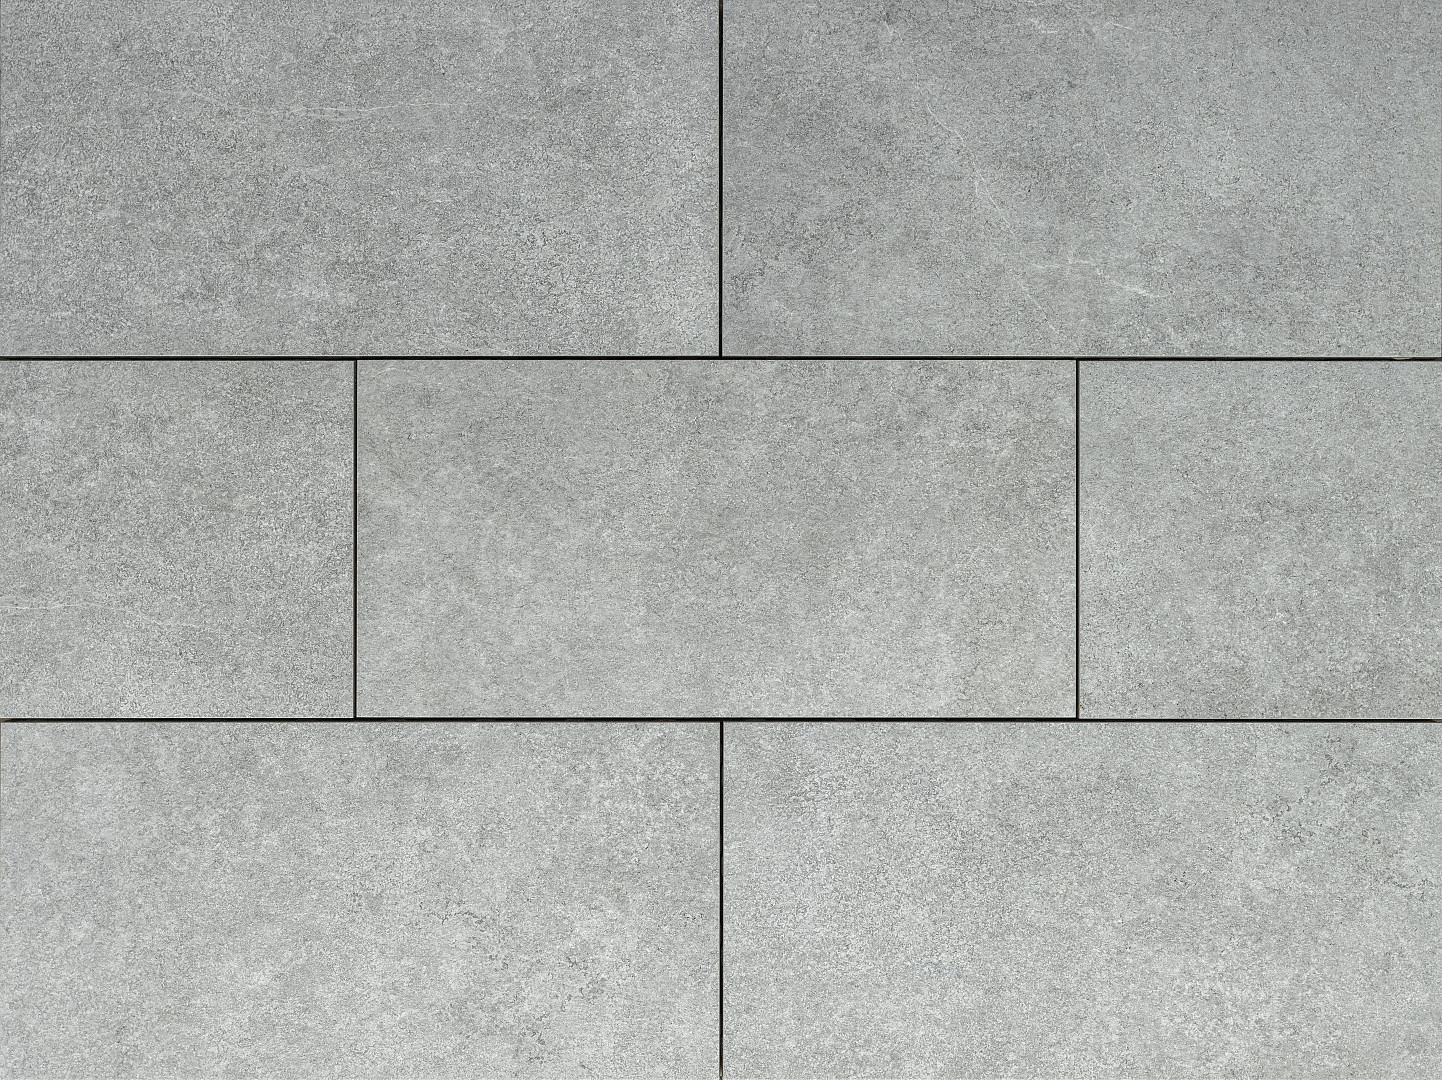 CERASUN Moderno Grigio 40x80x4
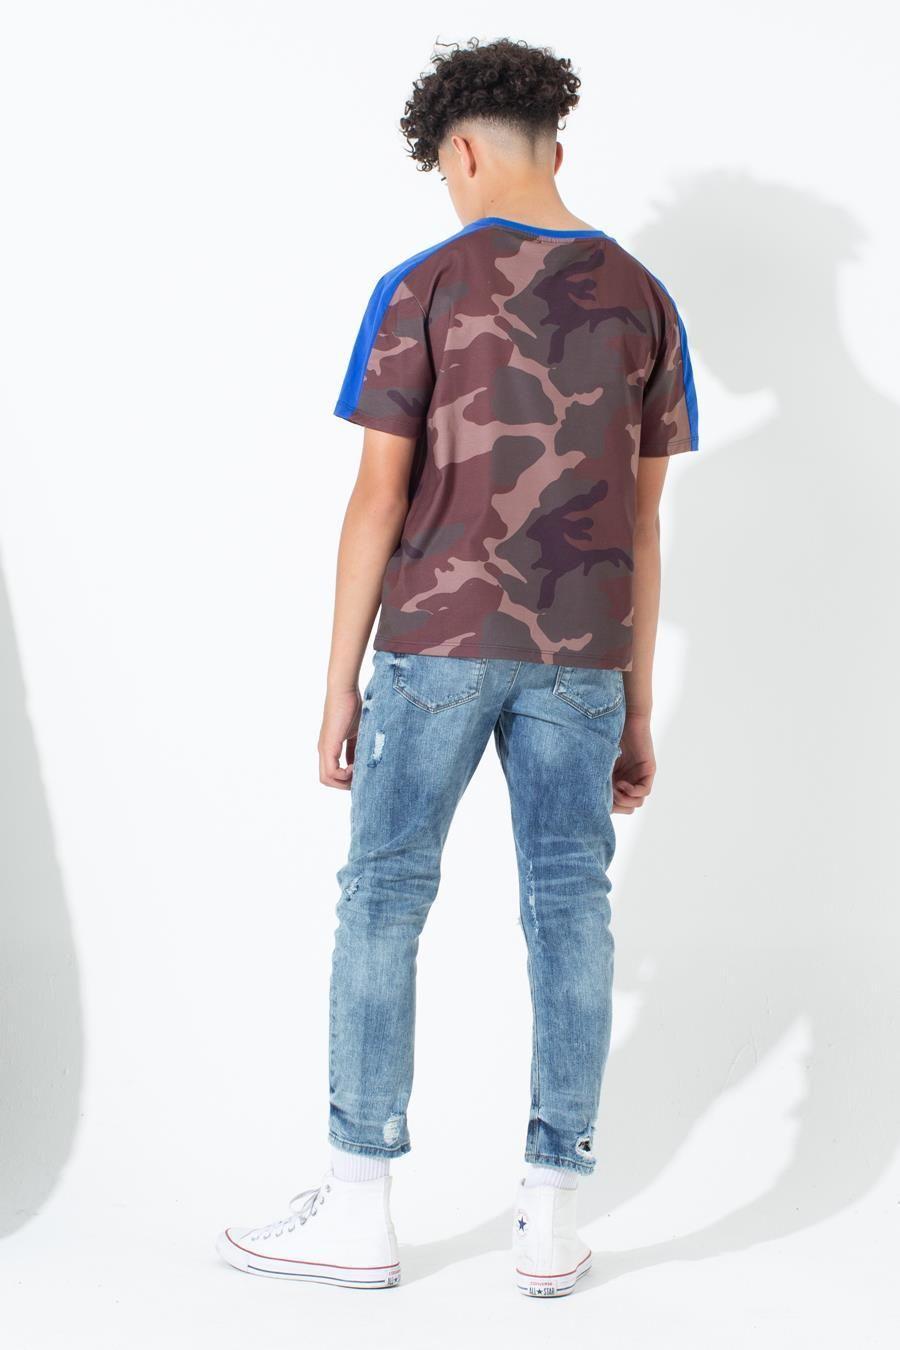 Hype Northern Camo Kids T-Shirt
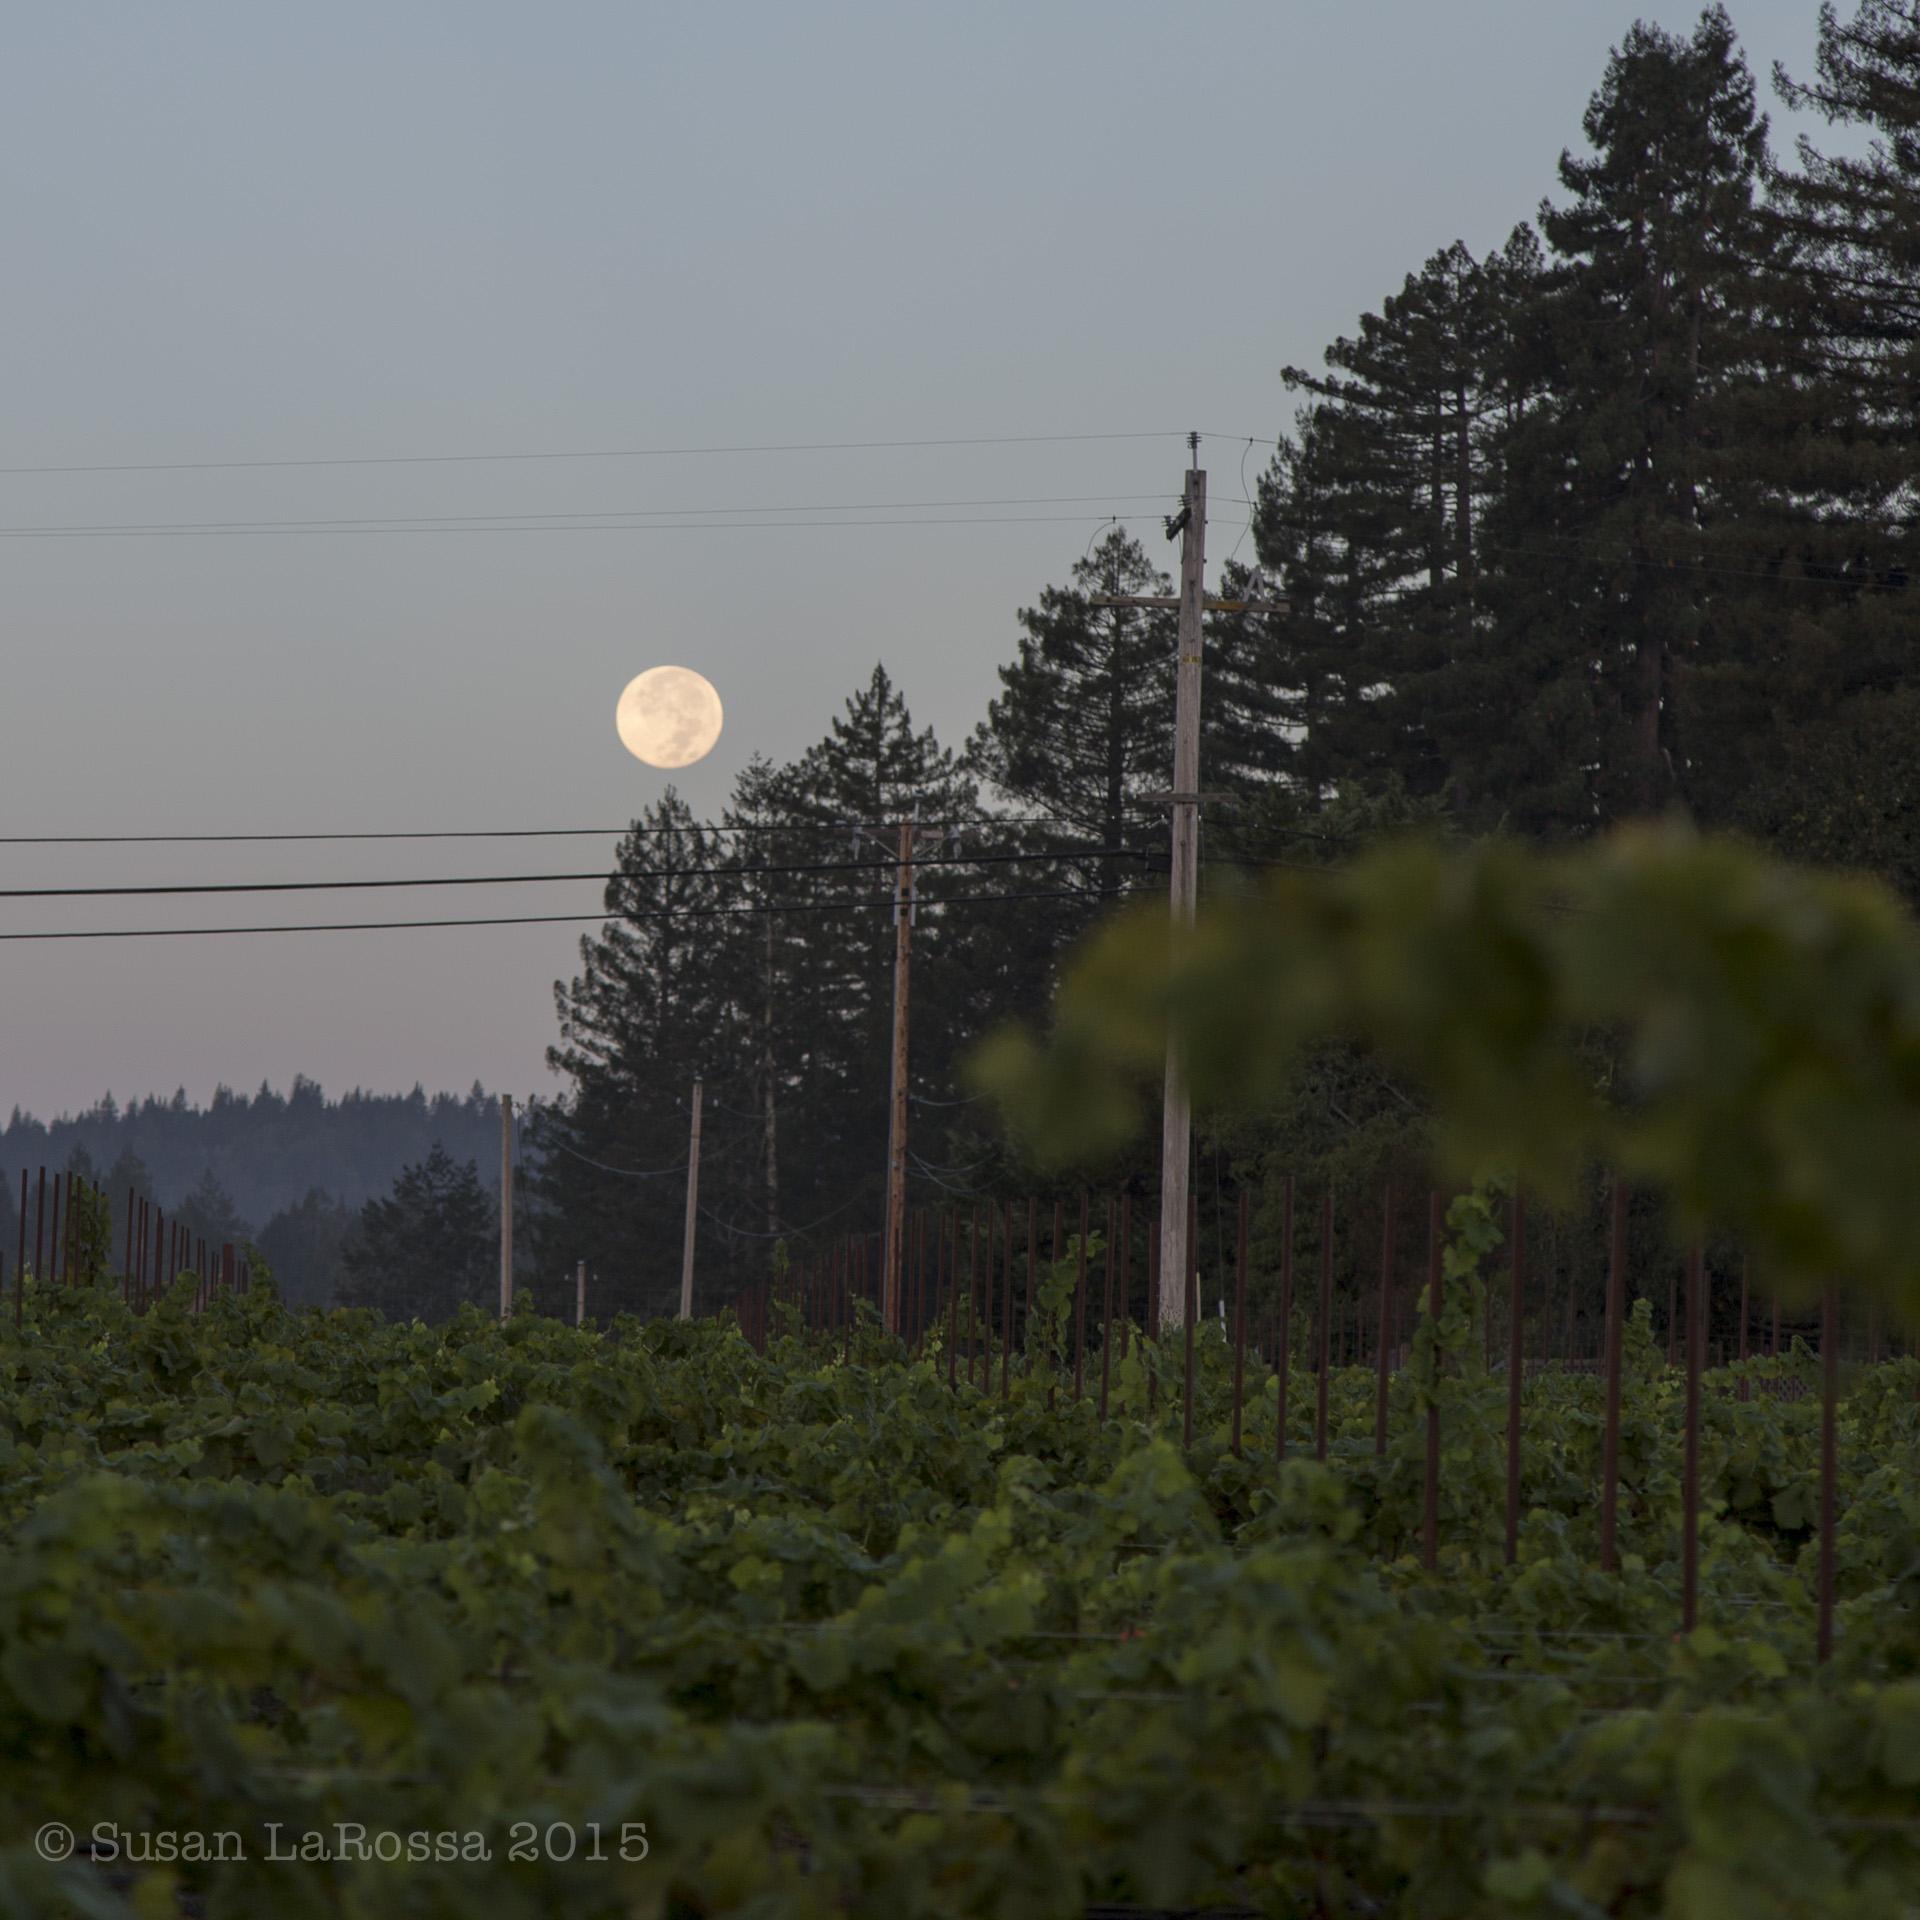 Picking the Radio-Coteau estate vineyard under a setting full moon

_The problem_
When you write out the material, keep every line exact and leave out each picture.

_Response to the task_
 CERASUN Moderno Grigio 40x80x4
 Hype Northern Camo Kids T-Shirt
 Picking the Radio-Coteau estate vineyard under a setting full moon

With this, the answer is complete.